Assignment: Copy every line of the data below exactly as given, except for the pictures.

Information supplied:
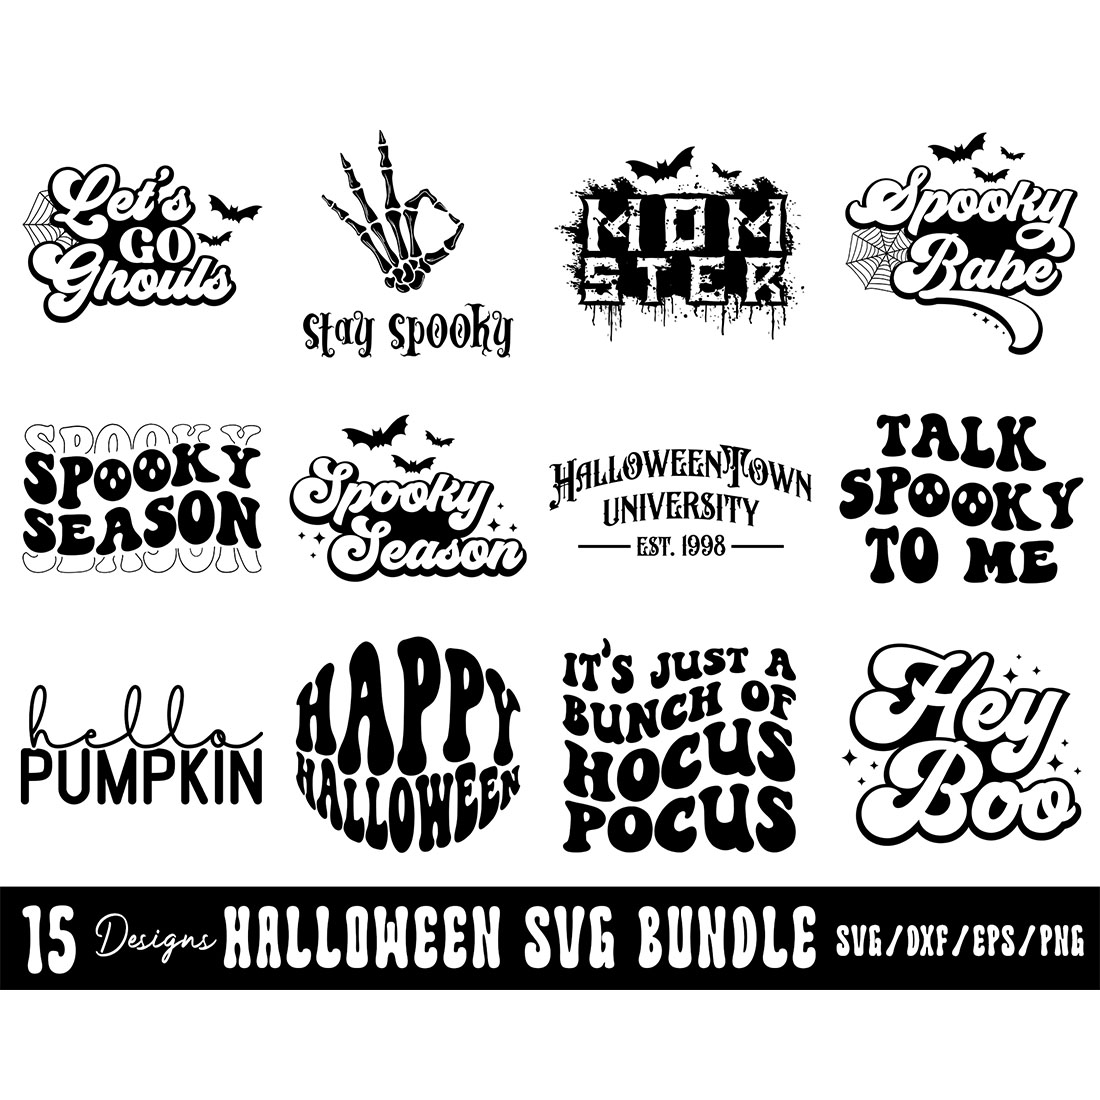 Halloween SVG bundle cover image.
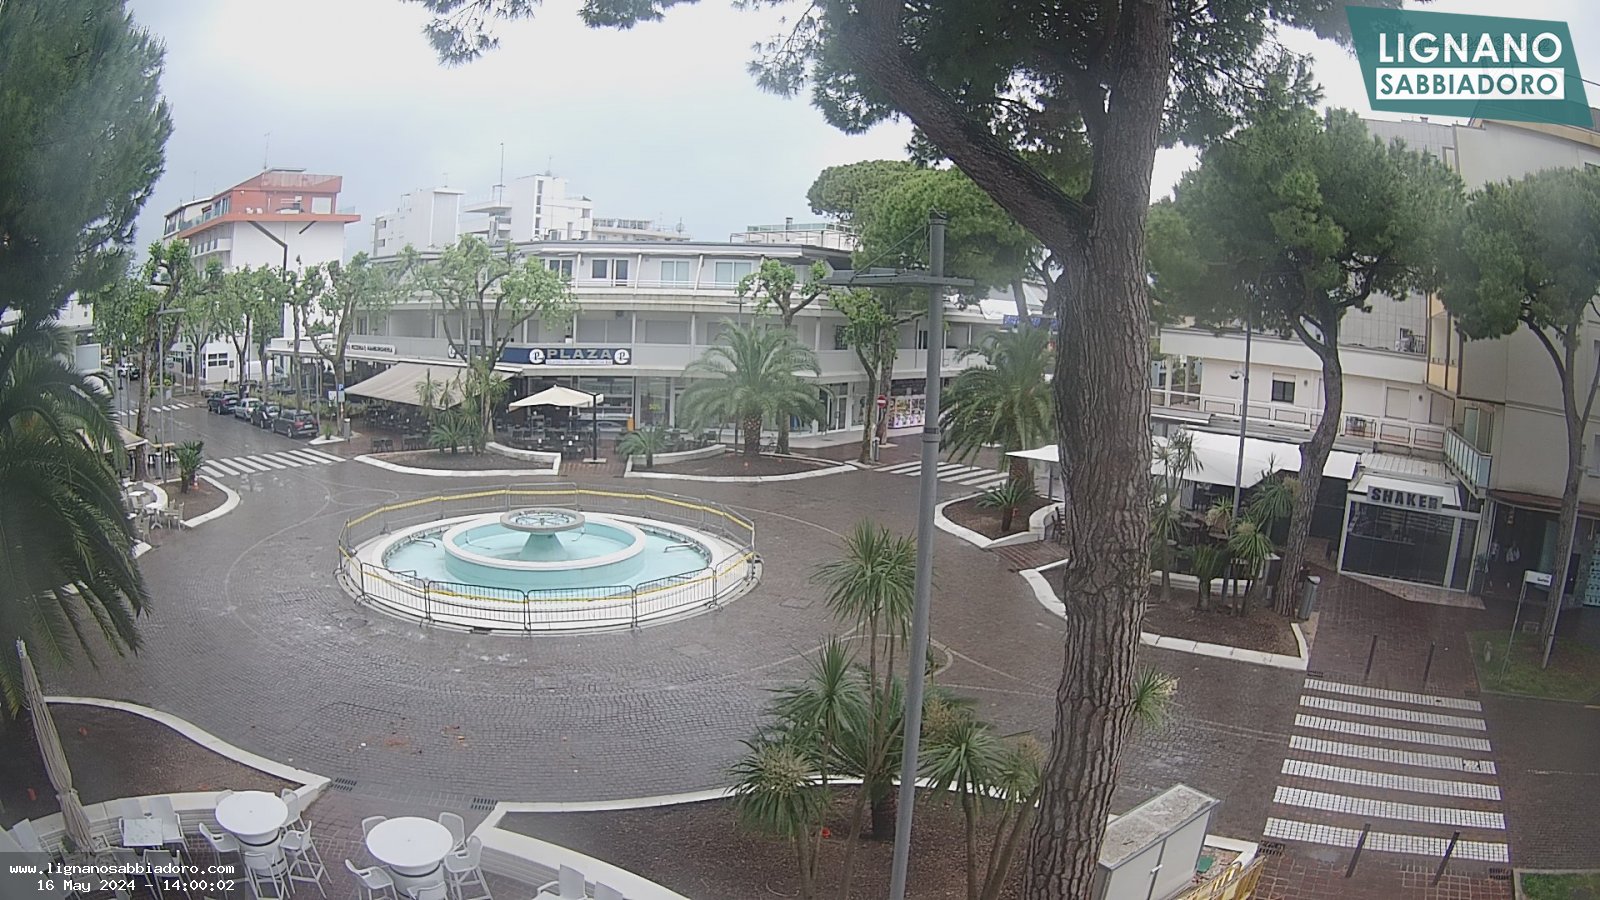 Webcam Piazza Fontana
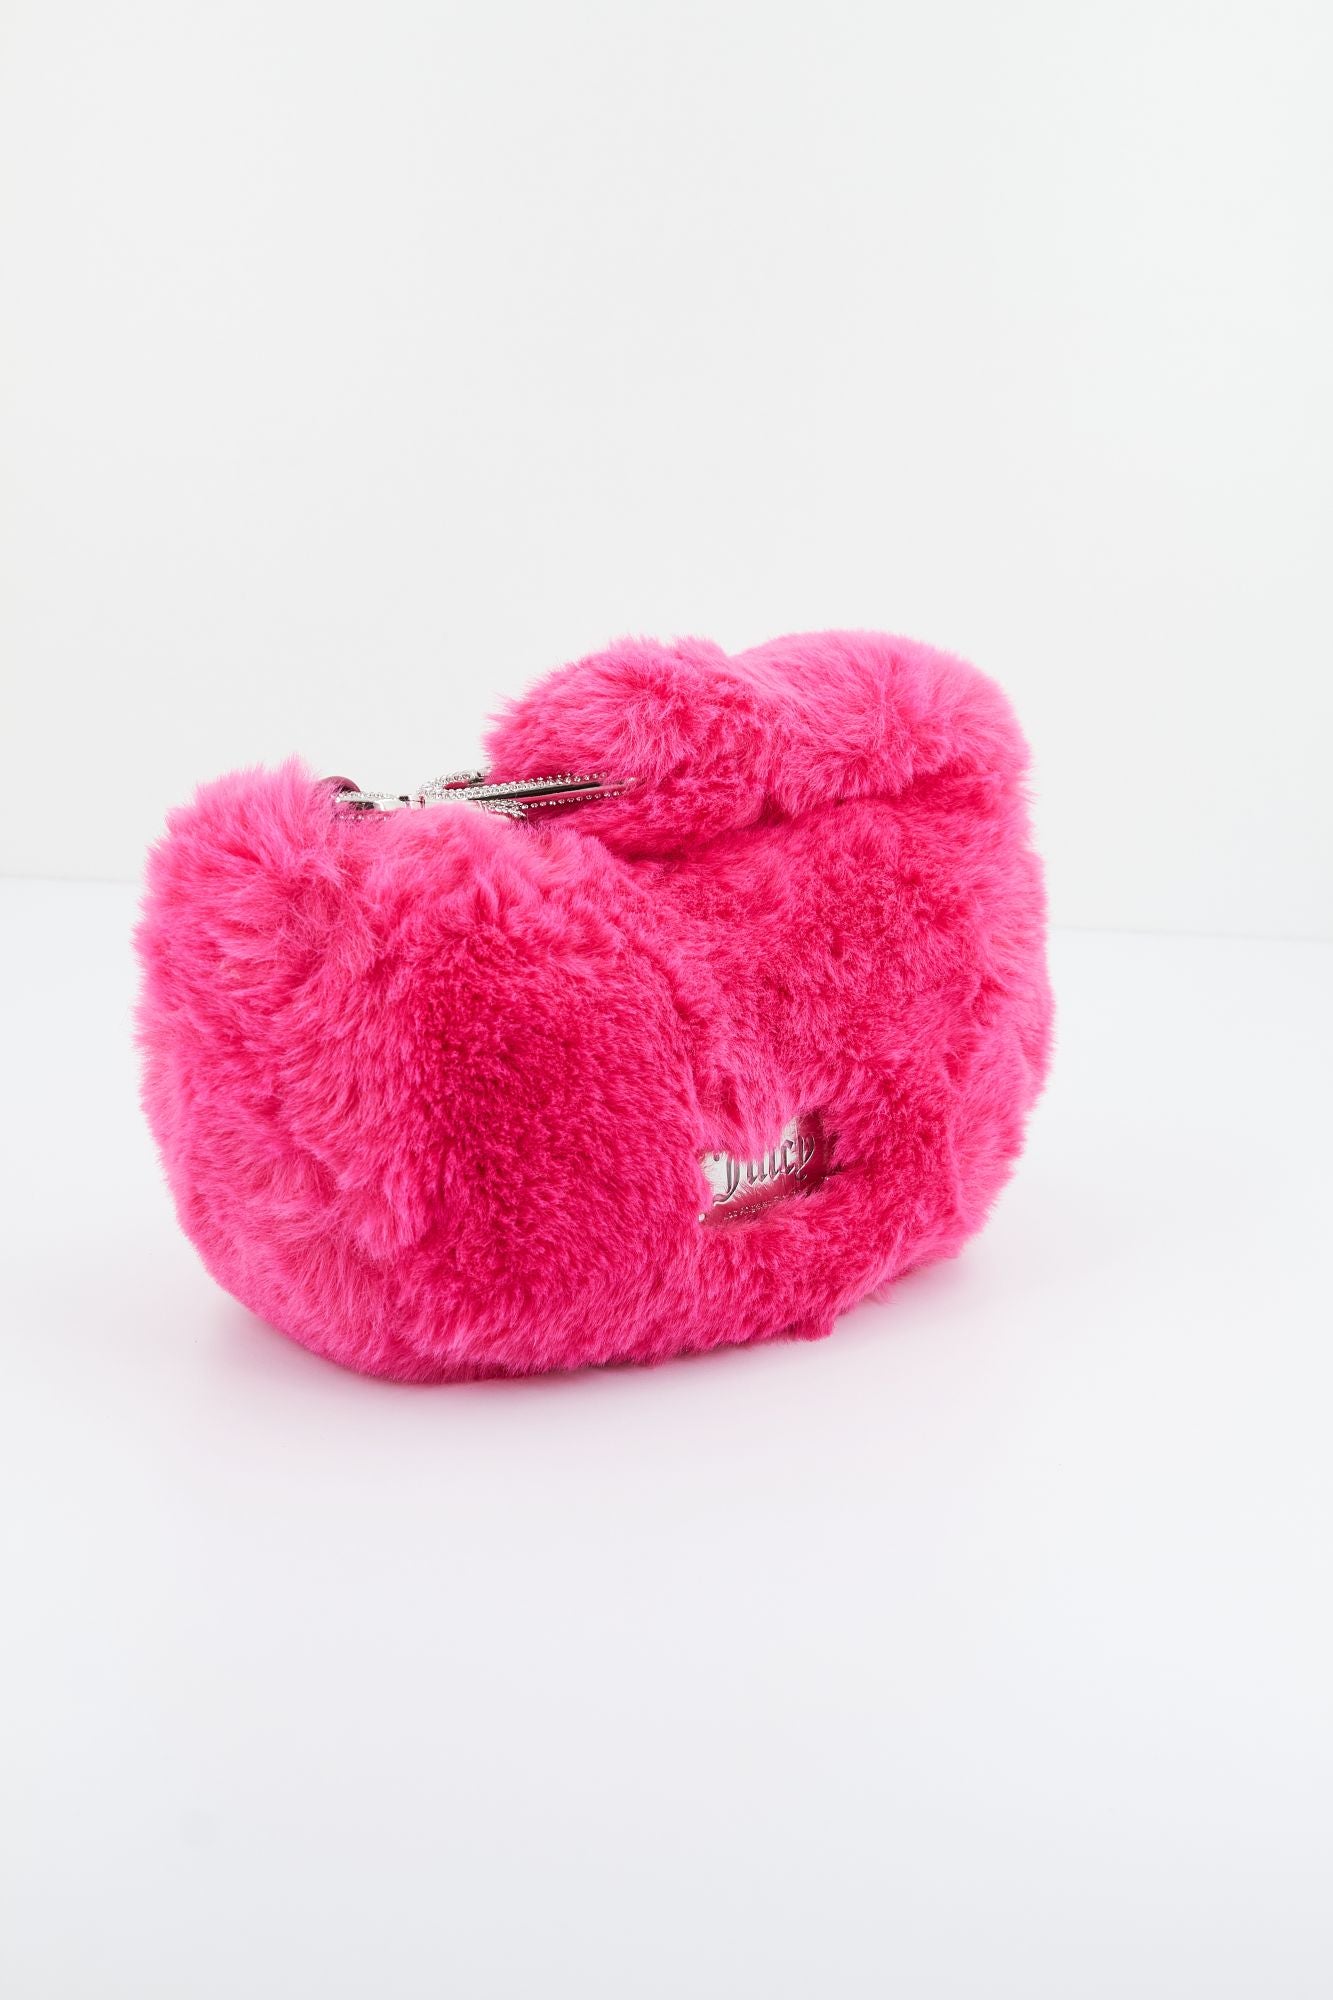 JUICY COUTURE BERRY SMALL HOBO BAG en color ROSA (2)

Answer for the task:
 Halloween SVG bundle cover image.
 Webcam Piazza Fontana
 JUICY COUTURE BERRY SMALL HOBO BAG en color ROSA (2)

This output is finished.